Peraturan Perpajakan dibuat bertujuan untuk menguji kepatuhan wajib pajak terhadap apa yang menjadikan kewajibannya. Pemerintah menerbitkan peraturan perpajakan (Undang-undang HPP, PMK dan sebagainya) mempunyai tujuan supaya ada pemasukan bagi kelangsungan perekonomian negara dan untuk mensejahterakan rakyat pada akhirnya.
semiotika berasal dari kata semeion yang berarti ilmu makna, bagaimana cara membunyikan dan membaca undang-undang. Meskipun pada kenyataannya undan-undang tidak bisa dibaca secara tekstual maupun konseptual.
Bahasa merupakan direct teks, dimana secara langsung digunakan dalam berkomunikasi, sedangkan secara indirect dikenal sebagai simbol.
Dalam makna semiotika orang kaya wajib membayar pajak lebih besar (negara bisa melakukan pengambilan hak yang lebih besar), disini pemerintah bisa membuat peraturan tentang kenaikan PTKP (sebagai teks) dan dengan adanya kenaikan tarif pemerintah berusaha melindungi rakyat kecil (sebagai simbol), Hal Ini dimisalkan tentang undang-undang tarif yang diterbitkan oleh pemerintah.
semiotika sebagai teori kode "signifikasi" tentang sistem aturan berkaitan dengan tanda atau makna. secara struktural adanya pembuatan PMK atau Undang-undang dan Perpu. Secara teori produksi tanda "Komunikasi", adanya gejala tanda, kode, estetika, interaksi, komunikasi. secara pragmatis adanya pembayaran pajak. Sebagai contoh paling lambat di tanggal 10 setiap wajib pajak diharuskan membayar kewajibannya, ketentuan ini sudah diatur sesuai dengan peraturan yang Sudan ditetapkan.
Eco Umberto memfokuskan pada 8 semiotika komunikasi, Yaitu : Sumber (source), pengirim (transmitter), sinyal pengirim (gelombang suara), saluran (channel), sinyal Penerimaan (signal), Penerima (receiver), pesan (message), dan tujuan (destination).
Dalam menulis teks undang-undang perpajakan menjadi otoritas Kementerian Keuangan, didalam menulis teks harus jelas, dipakai untuk siapa peraturan itu dibuat dan harus bisa dipahami oleh pemakai peraturan, disini isi menjadi sangat penting.

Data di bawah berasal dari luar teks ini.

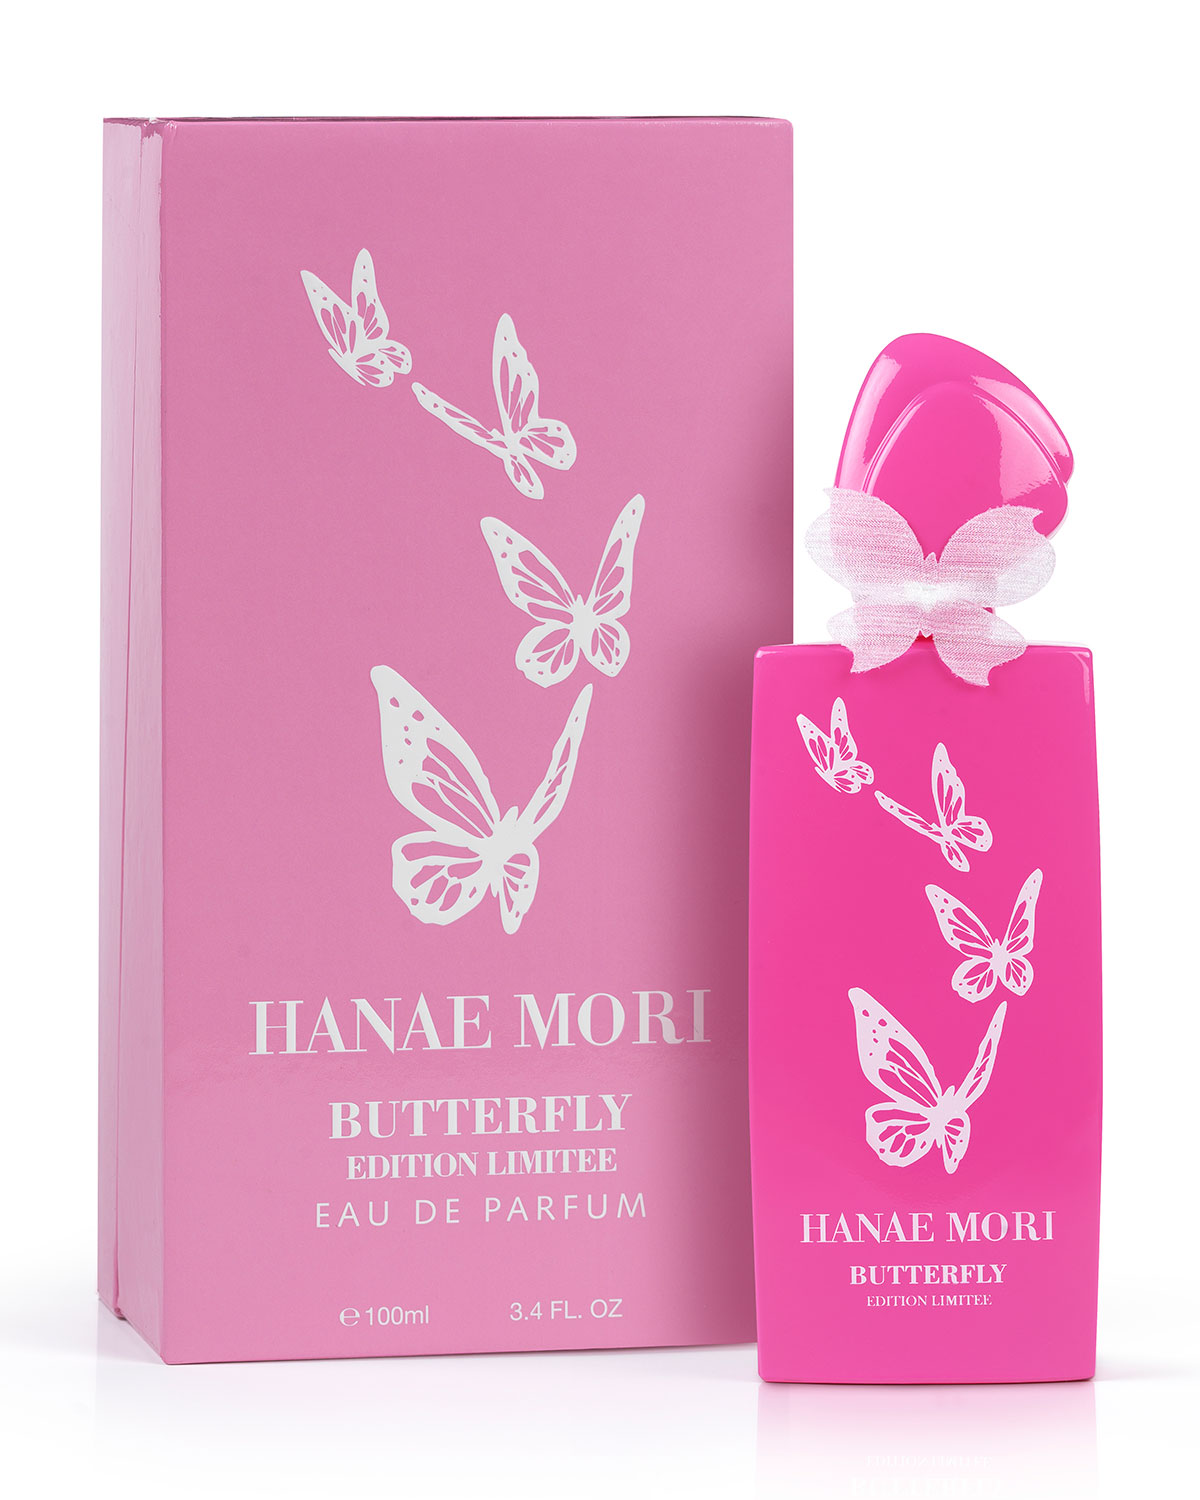 larger view hanae mori butterfly eau de parfum collection

Teks harus bersifat komunikatif, adanya relasi subjek dan objek (adanya dialektis penulis dan pembaca).
Terkadang antara pengirim dan penerima adanya perbedaan, dimana pengirim atau Pembuatan PMK atau Undang-undang menginginkan penerima atau disebut pembayar pajak, membayarkan pajak setinggi mungkin, sedangkan pihak penerima menginginkan sekecil mungkin dalam membayar pajak, hal Seperti itu bisa disebut sebagai Semantik Pragmatik. semantik Pragmatik masih adanya ambiguitas, over under estimasi, dan adanya ketidaktepatan.
Undang-undang harus mempunyai Bahasa yang lugas, mudah dipahami, tidak ambigu dan tegas. Bahasa dalam undang-undang tidak diperbolehkan hipersemotika (adanya multi tafsir). Dalam memahami undang-undang bisa dilihat dari keseluruhan undang-undang, atau pasal per pasal maupun bab per bab dan kata per kata. Sehingga dalam memberikan makna suatu teks bukan asli tetapi representasi.
Menurut Ferdinand De Saussure Bahasa adalah sebuah fungsi listening, talking, writing, reading, understanding. Dimana lebih kompleks, dalam Bahasa terkandung makna Bagaimana mendengarkan, berbicara, menulis, membaca, dan mengerti apa makna yang ada didalamnya. Seperti undang-undang didalamnya ada makna yang harus dipahami. Bahasa memiliki struktur, dan merupakan sister tanda.
Mengapa perlu semiotika strukturalisme? Struktur adalah seperangkat unsur di mana antara unsur atau subperangkat unsur tersebut terdapat satu hubungan yang sangat erat.Struktur tidak memerlukan unsur-unsur yang berasal dari luar (ekstrinsik) untuk melakukan prosedur-prosedur transformasi tersebut.Struktur itu berlaku secara otonam. Dengan demikian struktur tersebut memelihara sifatnya tanpa adanya pengaruh dari luar. Bentuk-bentuk yang dapat dianggap sebagai regulasi diri (self-regulation), misalnya PMK ataupun Perpu serta kaidah-kaidah yang ada dalam struktur itu sendiri.